Why: Every child wants to sit up front in the carpool. At first I thought it was to be near me, but then I realized that it was all about music control. The child up front has immediate access to the car radio, which bestows upon that child a certain power over everyone in the car, including the driver. This is a great opportunity for children to traumatize others, and to constantly war about their ever-changing pecking order. Unfortunately, age and size discrimination are carpool realities. The oldest and biggest were usually my front seat companions. You must remember that sitting next to the chief in tribal life is a big deal!      

Whine B: He took my place.

Cure: When the kids started driving me crazy with their bickering in the car, I would use the “ultimate ultimatum” cure on them. This involved them being forced to listen to my music on the radio—and in extreme cases, even my singing—until they all sat still and shut up. Due to their extreme and ingrained dislike for anything I liked, mostly because it simply wasn’t cool, this was one of my cleverest and quickest cures. I adore sharing it with parents who I see carpooling children on the highways and by-ways of life.

# 10    He’s looking at me. 

A child can ask questions

 that a wise mother cannot answer.

January Jones

Whine A: Tell him to stop it.


Why: An older child tormenting a younger one always causes this whine. It is a ritual that has been practiced by siblings since Cain and Abel squared off against one another in the Garden of Eden. This scenario usually starts with the youngest child whining that they are being “looked at.” Next, the older child will deny that they are looking at anyone, least of all the despised younger child… and so the cycle begins.

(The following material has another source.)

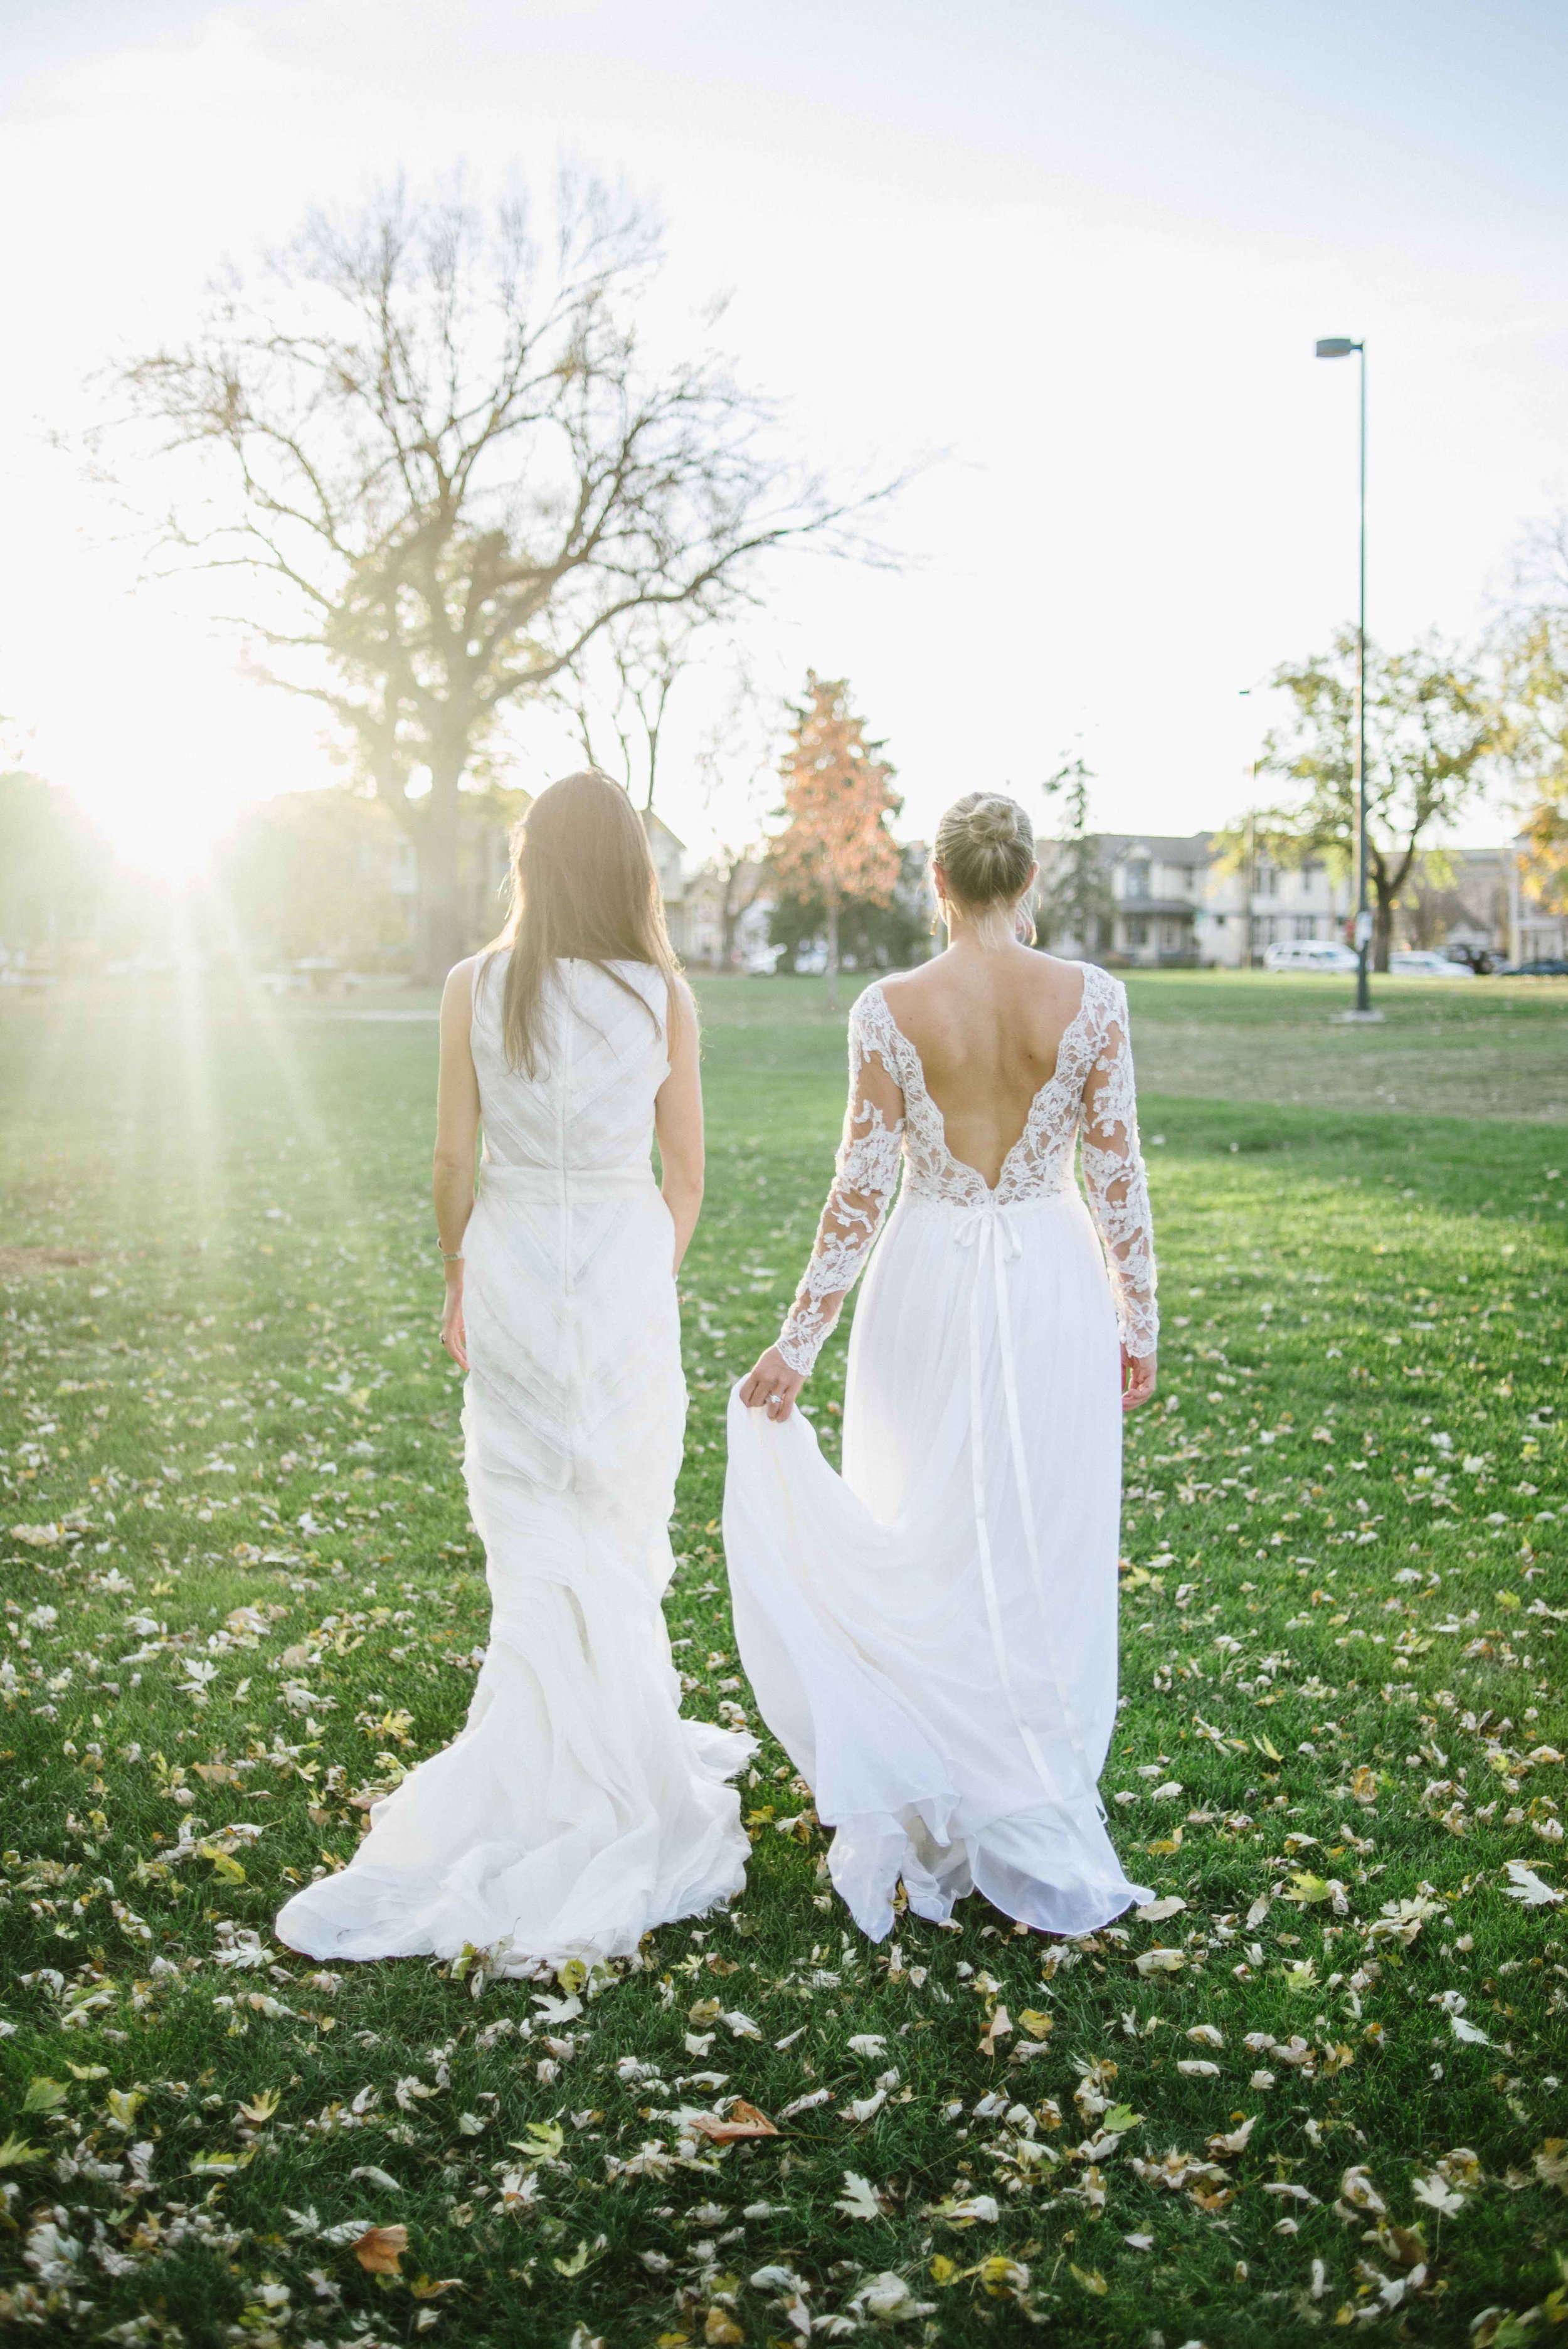  Fall Wedding Inspiration | J. Mendel "Zoe" &amp; Anne Barge "Leyland" | available at Little White Dress Bridal Shop in Denver | Photography: Kelly Leggett 
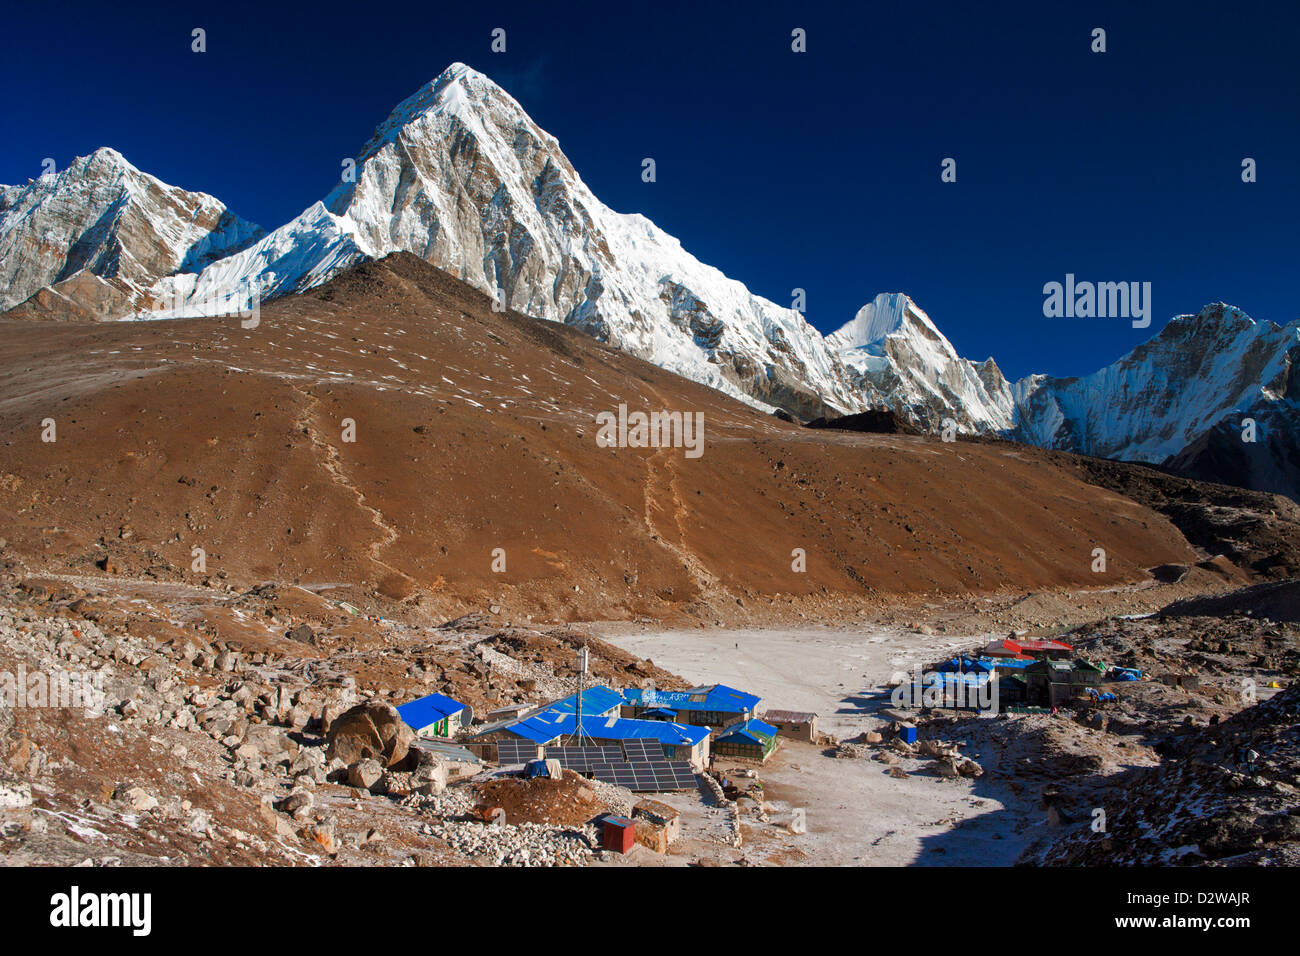 Gorak Shep lodges (5164m) with Mt. Pumori (7165) and Kala Patthar (5550m) on the background, in Sagarmatha NT Park, Nepal. Stock Photo

Next Whine: He’s still doing it.

Cure: When this mysterious and chronic situation arose during my kids’ early childhoods, I usually tried to explain to them that there was no law against looking at someone. It never worked but it made sense to me, and I spent countless hours vainly trying to convince them of the same. I tried to look wise when using this technique, but my children always found a weak point in my logic, eventually driving me crazy. As a last resort, I would make them all do the “put on your sunglasses” cure, whether inside or out, sunny or not. That way no one could look at anyone or see anyone looking at them, and it certainly made me laugh seeing them sitting around our TV room silently watching cartoons through their shades, careful to not even glance at one another.   

Best Overall Remedy for Whining Children


The Norwegian Ris-pa-rumpin Cure 

This valuable method for curbing whining in children was brought to this country by my husband’s Norwegian parents. We called them BaBa and MorMor. They were wise and wonderful, and dearly loved by their entire family, especially their grandchildren. When any of them began whining about anything, asking the child a simple question initiated the cure: “Do you want a Ris-pa-rumpin?” It is not so much the question as it is the manner in which it is asked that makes it such an effective method. 

You may ask, “What is a Ris-pa-rumpin?” As far as I can explain, it is our Norwegian family’s word for a little love pat that is applied gently and lovingly to a child’s bottom. What makes this cure so amazingly effective is that every parent or grandparent can style their own delivery for maximum effect. My husband would take the child quite firmly by the arm and stare straight into their eyes when asking them if they really wanted a Ris-pa-rumpin. 

Truthfully, I have never heard a child respond with a “yes” to this question. And in case you may want to report us to the child protective services, the actual Ris-pa-rumpin cure has never had to be used in our family that I can remember! As for our children, don’t believe a thing they say as their memories are not to be trusted after so many years.